I'll be honest, I've never heard 'unbanked' used in relation to cryptocurrency or criminals before vmception used it above.

I know my drug dealer can't pay duffle bags full of cocaine-covered $100 bills into the bank - but he can still get a personal checking account and pay in $100 a week or so. So I would not describe him as 'unbanked' in the conventional sense.


When the state moves to seize and freeze his bank accounts and flag his unhosted bitcoin addresses, he'll wish he had some Monero and Tornado.cash notes to pay his lawyer with.


Debanked

Notbanked

Sansbanked


And they use Monero instead?

(I am actually curious; who are these people who do not have a bank account but use Monero?)


> And they use Monero instead?

they can use Monero as well, not instead. As there are lots of other interchangeable options for non-banked or unhosted crypto payments and commerce.

> (I am actually curious; who are these people who do not have a bank account but use Monero?)

to me, your question is similar to asking "who are these people that use their cell phone in a subway tunnel" after cellular service was extended underground. the similarity being that the answer is "I don't know" and "you're not going to get a dissertation or a source about it, people just use whats available" and "who cares". What I wrote earlier is just a list of what happens when the expanded availability is there.


Tor at least but there’s likely more. also rumor in the internet goes (and looking to be correct if misguided) the us government identifies its citizens that dl Tor


That's nonsense.
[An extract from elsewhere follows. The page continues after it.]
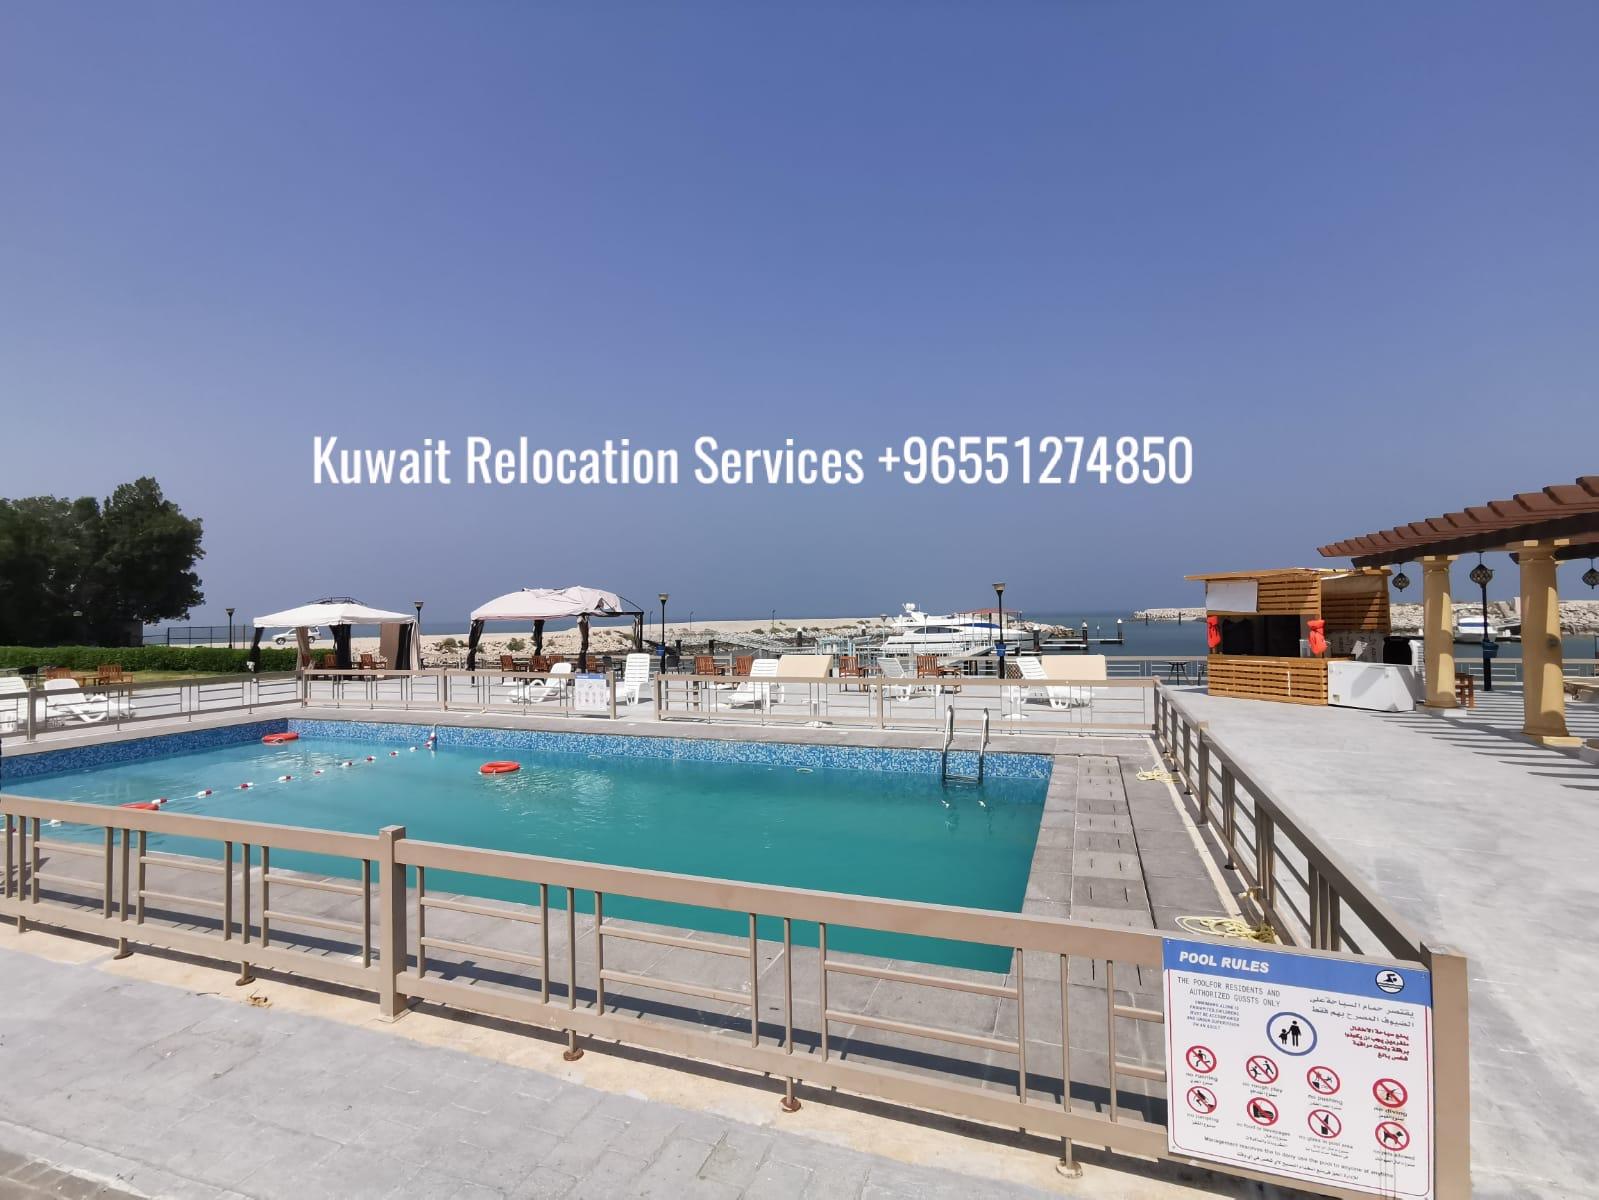 Beach Villa's in a compound 4 masterbeds in Kuwait

There are somewhere between 2 and 8 million users of Tor every day. The vast majority of Tor users are ordinary people that want a little more privacy. What a waste of resources it would be to try to identify and track each of them.


You only need to control majority of tor exit nodes to deanonymize people which many have been doing for a while.

https://therecord.media/thousands-of-tor-exit-nodes-attacked...


they cant see what you do on tor

you can still take flights, get mortgages, enter and leave the country after being on the imaginary or actual list, so why do so many people care?


> So if I want to get started with cybercrime; is Mullvad and Monero the way to go?

Yes.

> Any other tools that I should be aware of?

Like Tor, I hear that Signal is also a great choice for terrorists and extremists as well according to some testimonials from them.

The road to hell is paved with good intensions.


I’ll take the risk of extra crime or terrorism as a cost of privacy as a human right, thanks


> according to some testimonials from them

I'd rather not be that guy... but we have a survivorship bias problem here.


Can I run a Tor node or dark web website behind Mullvad?